I’ve come to realize that I AM A COLOR PERSON, through and through! I know, it’s ridiculous that I have to say that out-loud, but really, once I’ve allowed myself to NOT use black, ever, and NOT stress over having a significant amount value-contrast in my work I’ve really been able to be FREE! Color, highly saturated, bright, yummy color is where it is at for me. If I ever throw in black or brown it’s automatically unsettling. So yay! Victory #1!

#2 Abstract VS Realism, or both or whaaat?!?!

One thing that I’ve really been trying to find is the best way to represent my subject matter of choice. I want to paint things that I really care about and yet I’ve struggled terribly to find the balance between making my art abstract or non-representational while adding elements of figurative or realistic imagery.

I’ve always leaned toward abstract artwork and expressionism. I think because working with photography for so long, if I wanted to copy an image precisely, I may as well photograph it. My whole interest in painting and drawing began with the fact that I wanted to create things that you can’t see with a camera but what come from the mind or simply from an impulse or emotion. This desire to create something unseen intrigued me. My goal has been to find the correct balance between the two worlds. Making something recognizable as either a symbol or an emotion that is evoked from viewing the work, while not being in-your-face realistic. 

#3: Finding MY subject matter, something I care about.

Since becoming a mother I’ve really been obsessed with that incredible process of creating life, giving birth, along with the religious aspect of motherhood, birth and it’s correlation to re-birth or baptism, the whole bit. In my sketch book and throughout some of my work over the last year or so I’ve struggled back and forth trying to use human forms and shapes representing mothers and babies and though I’ve liked a few of my pieces I’ve just been stuck trying to mesh the color world WITH the moms and babies world and do so in a way that’s not overly obvious and suiting to my personal tastes.

In my water media class I spend a large portion of this semester simply exploiting ALL these different possibilities. I did about 20-30 large pieces just working through my ideas. The key was volume in numbers and not quality, I just needed to work large and work fast. Fail fast is the motto, so I could just move forward. So that’s what I did. I made A LOT of ugly stuff. A LOT of mud, and just okay work and along side that I made a few pieces that I liked, they were nice, but just weren’t THERE yet.

#4 My self symbol.

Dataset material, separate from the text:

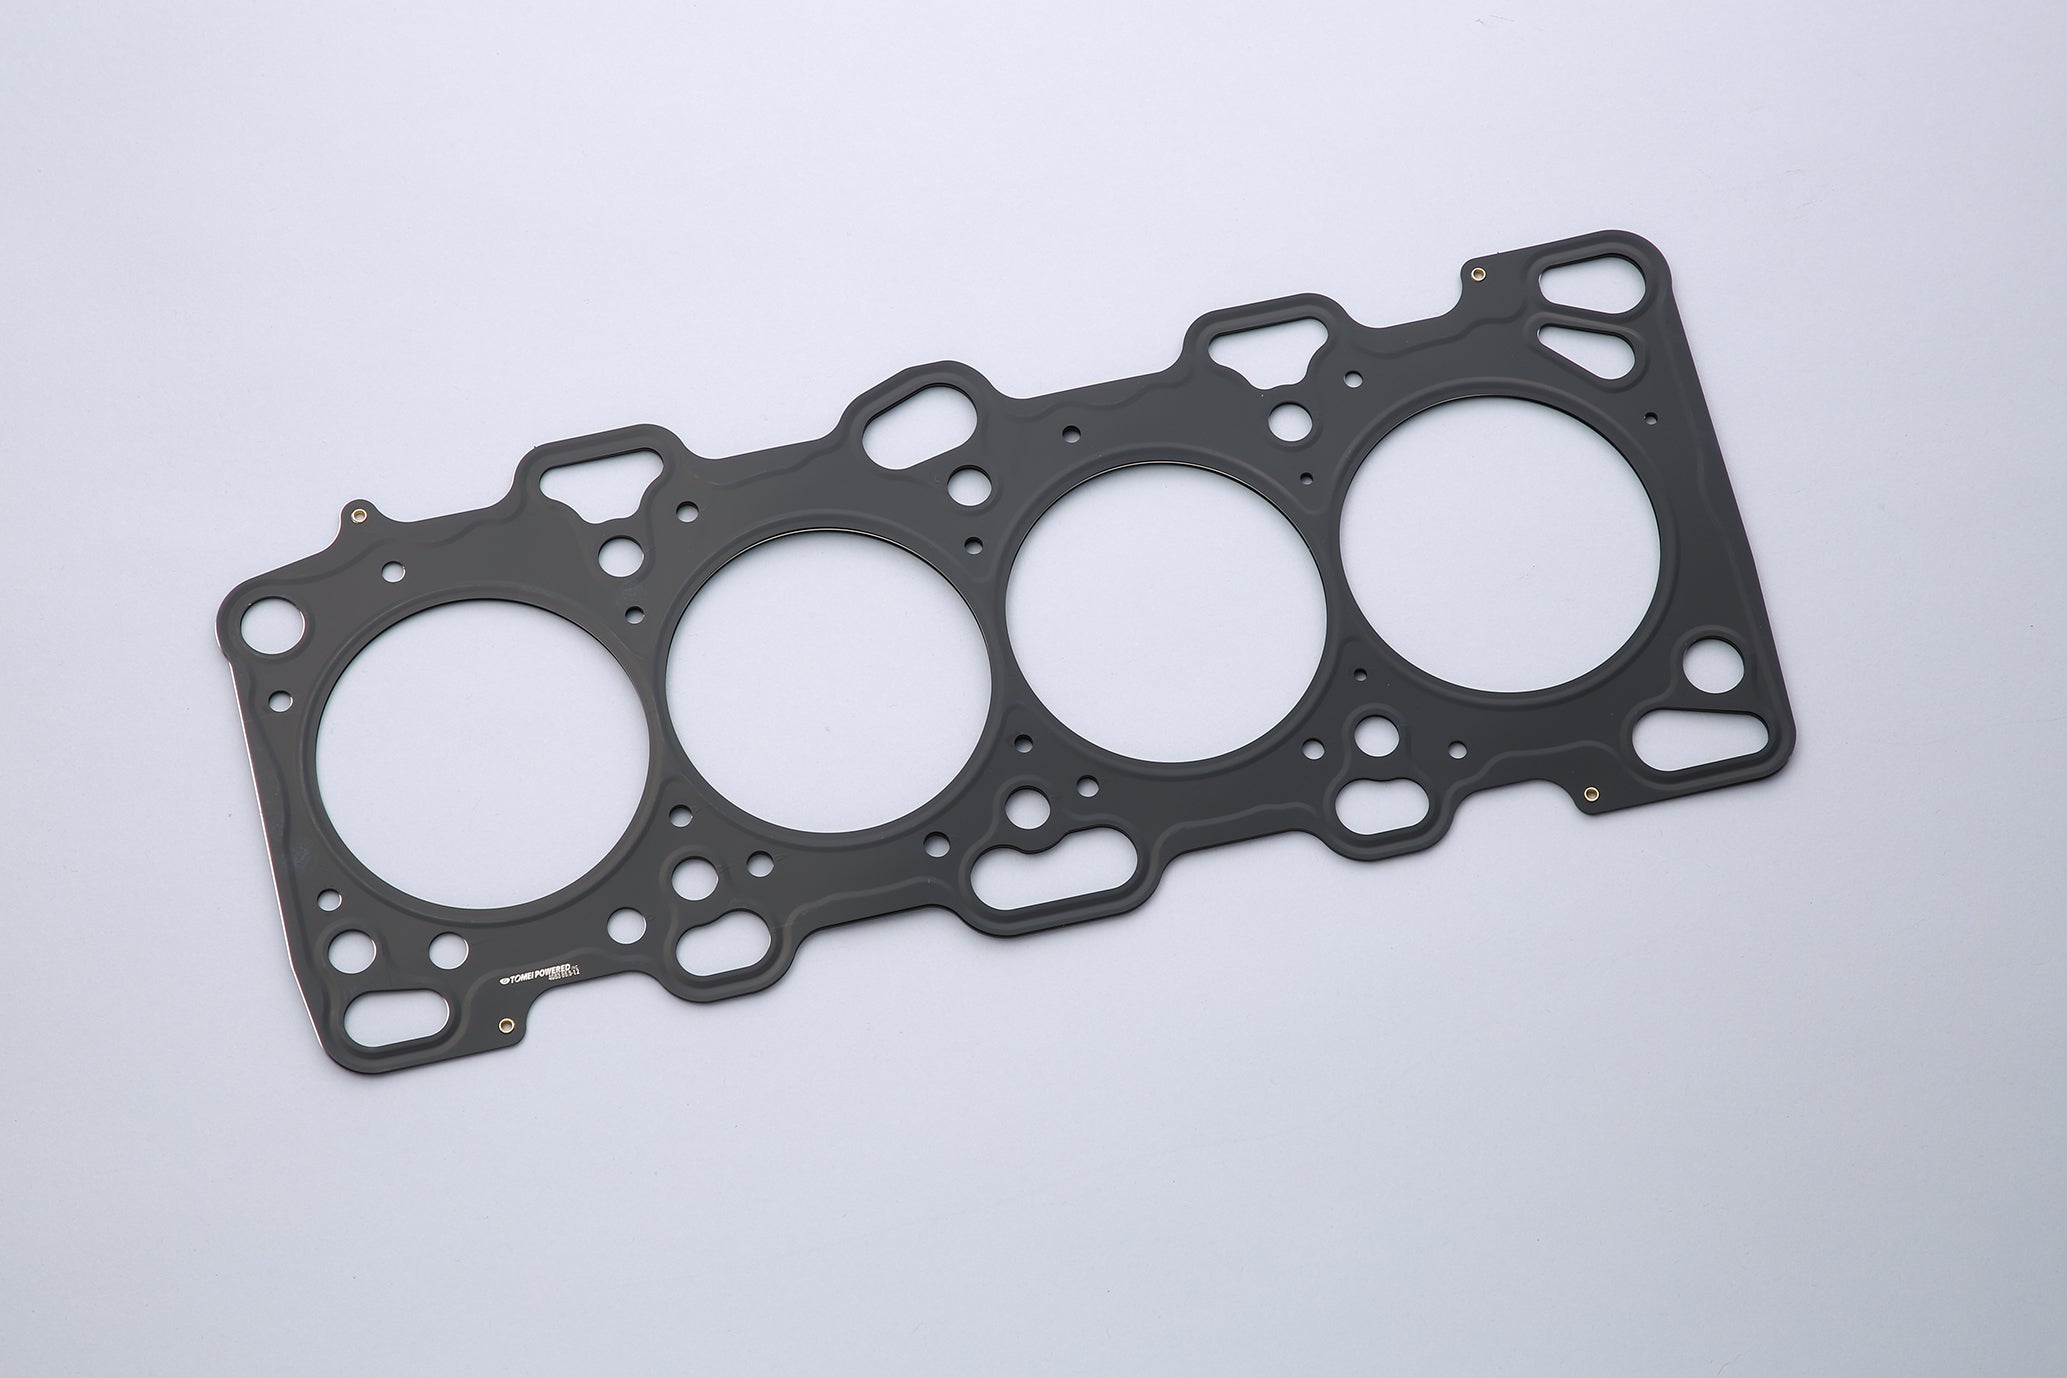 4G63 (EVO IV) Engine Rebuild Package - CP Pistons, Manley Rods & Tomei 1.5mm Head Gasket - 9.0:1 CR

A representation of me through shape and line.

It was in my drawing III class that I’ve been working with finding a self symbol. A self symbol being either a shape or line or something that I felt represented me. In the work I just talked about I found myself going back to using the oval very often in those paintings. I used it to represent the shape of the womb. I began just working through many quick color explorations using the oval and pulled out whichever colors I was drawn to using at the moment without even thinking.

#5 The elements. Bringing in symbolism and tying it all together.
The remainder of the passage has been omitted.